Search code examples
f#type-providersf#-datafsharp.data.typeproviders

Is it possible to use a custom type with the FSharp.Data.CsvProvider when specifying a Schema?


I'm working in F# with a CSV that looks like this:

When,Where,HowMuch
11/24/2019,Germany,100 EUR
11/25/2019,France,100 EUR
11/26/2019,Switzerland,50 CHF
11/27/2019,USA,75 USD

I'm using the CSV Type Provider in the FSharp.Data package to parse this data.

type CurrencyDetector = CsvProvider<"Currencies.csv">

Obviously the first column is a date, and the second is a string.

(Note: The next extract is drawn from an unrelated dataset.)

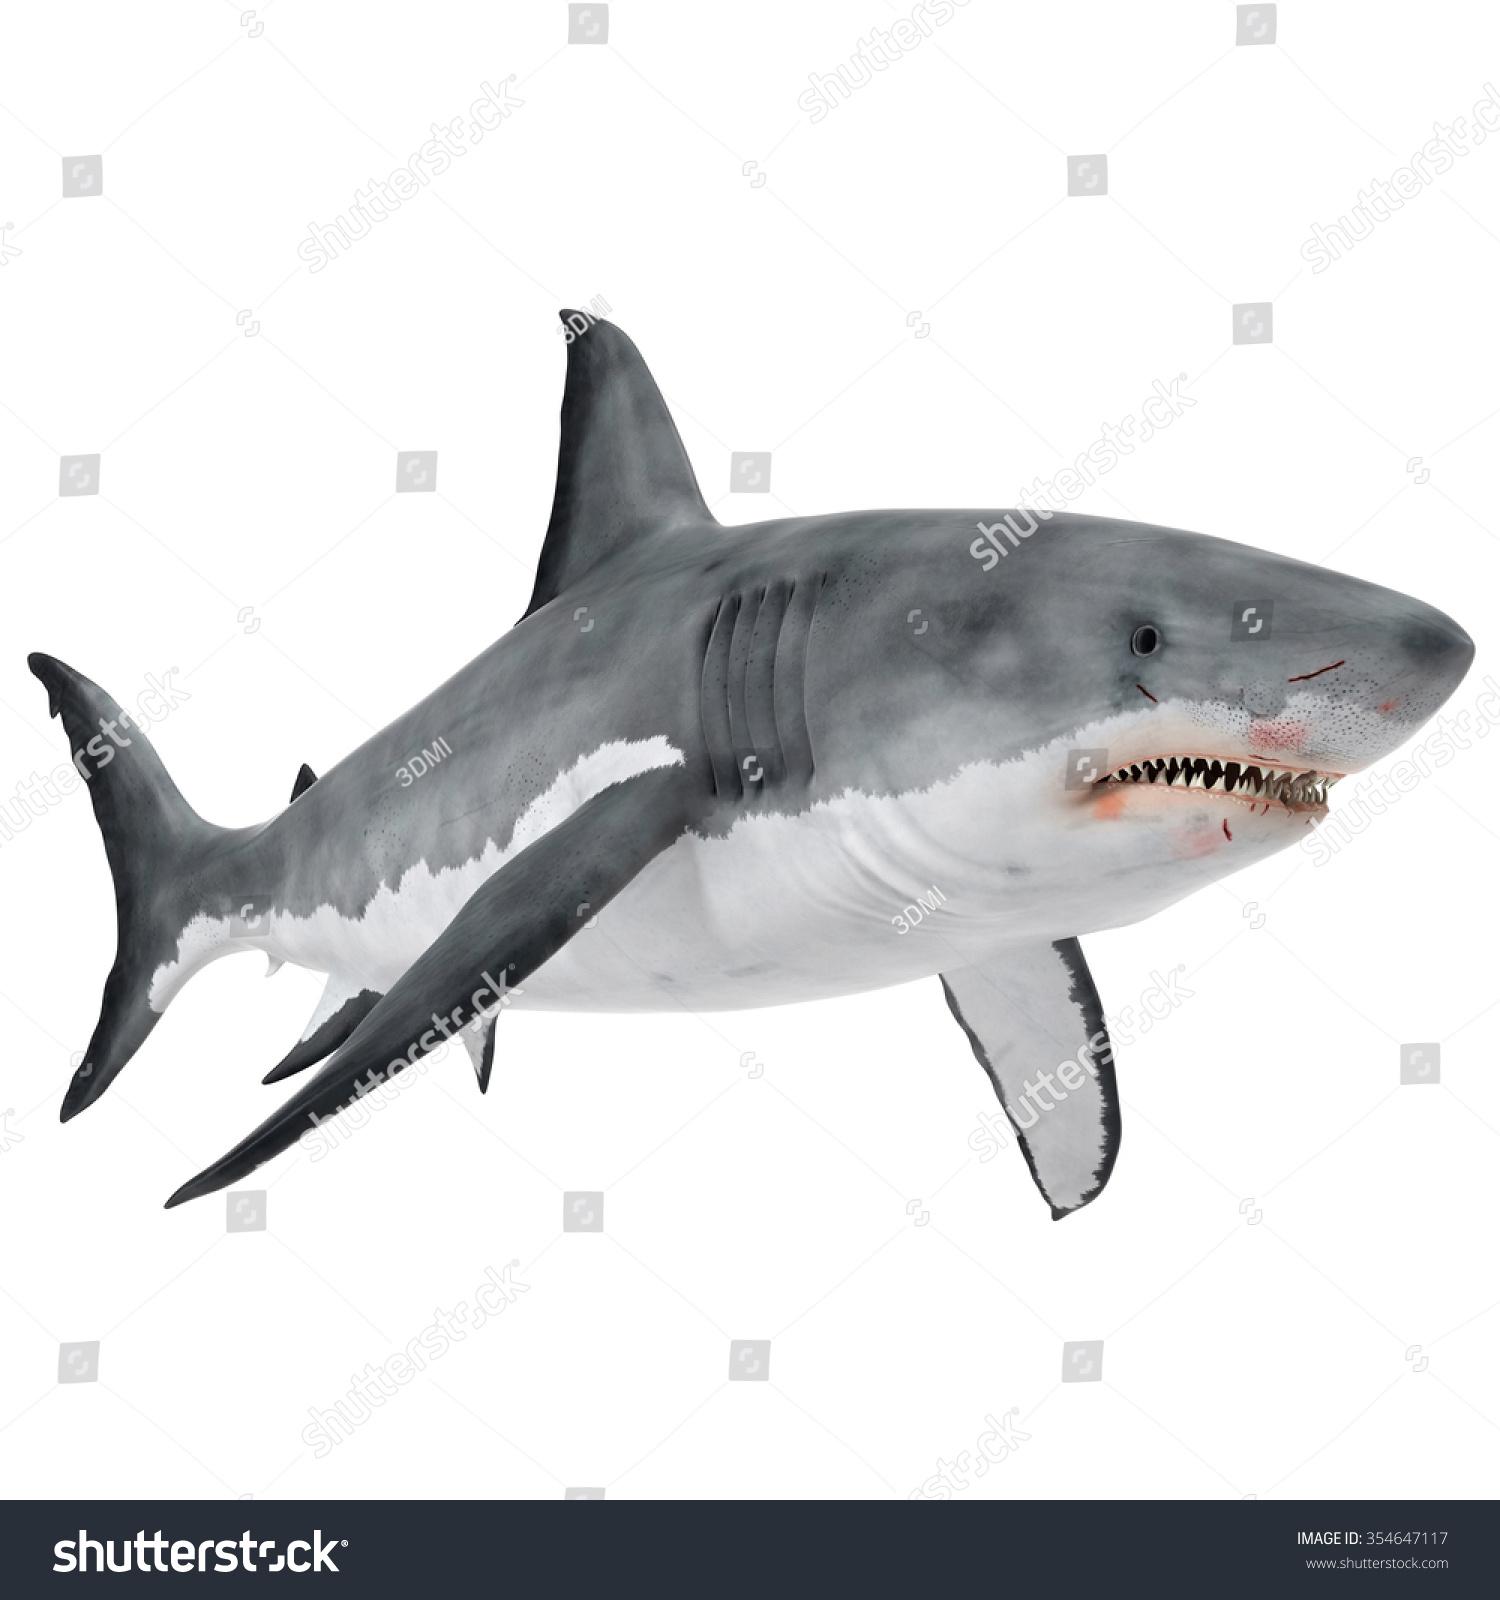 shark fin white background - photo #27

For the third, I'd like to use this type:

type Money (amountAndDenomination : string) =

    let parts = amountAndDenomination.Split ' '

    member __.Amount = Decimal.Parse parts.[0]
    member __.Denomination = parts.[1]

I've tried a few permutations of the Schema argument in my CsvProvider line, but nothing has worked so far. For example:

type CurrencyDetector = CsvProvider<"Currencies.csv",Schema="When (date),Where (string),HowMuch (Money)">

When comes out as DateTime and Where as string, but HowMuch becomes a string property named HowMuch (Money):

Demonstration of type provider properties in use

Is there a way to use my own classes with the CsvProvider, or is this just not possible?


Solution

  • According to the documentation for the CsvProvider, I don't think it is possible:

    Schema parameter: "Optional column types, in a comma separated list. Valid types are int, int64, bool, float, decimal, date, guid, string, int?, int64?, bool?, float?, decimal?, date?, guid?, int option, int64 option, bool option, float option, decimal option, date option, guid option and string option. You can also specify a unit and the name of the column like this: Name (type<\unit>), or you can override only the name. If you don't want to specify all the columns, you can reference the columns by name like this: ColumnName=type."

    Note in the above, however, that there is the possibility of using units of measure. So you might explore creating units of measure for the currency denominations. The type provider might require a different format for that column though.

    In the documentation for the CSV Type Provider, you can find further information about units of measure and also how to "transform the columns themselves by using Map", which should enable you to map the string type to a custom type. Looking at the source code, suggests that the Rows collection is a sequence of Row objects, each of which is a tuple. So you should be able to use Seq.map and/or any other function in the Seq module to post-process the generated collection.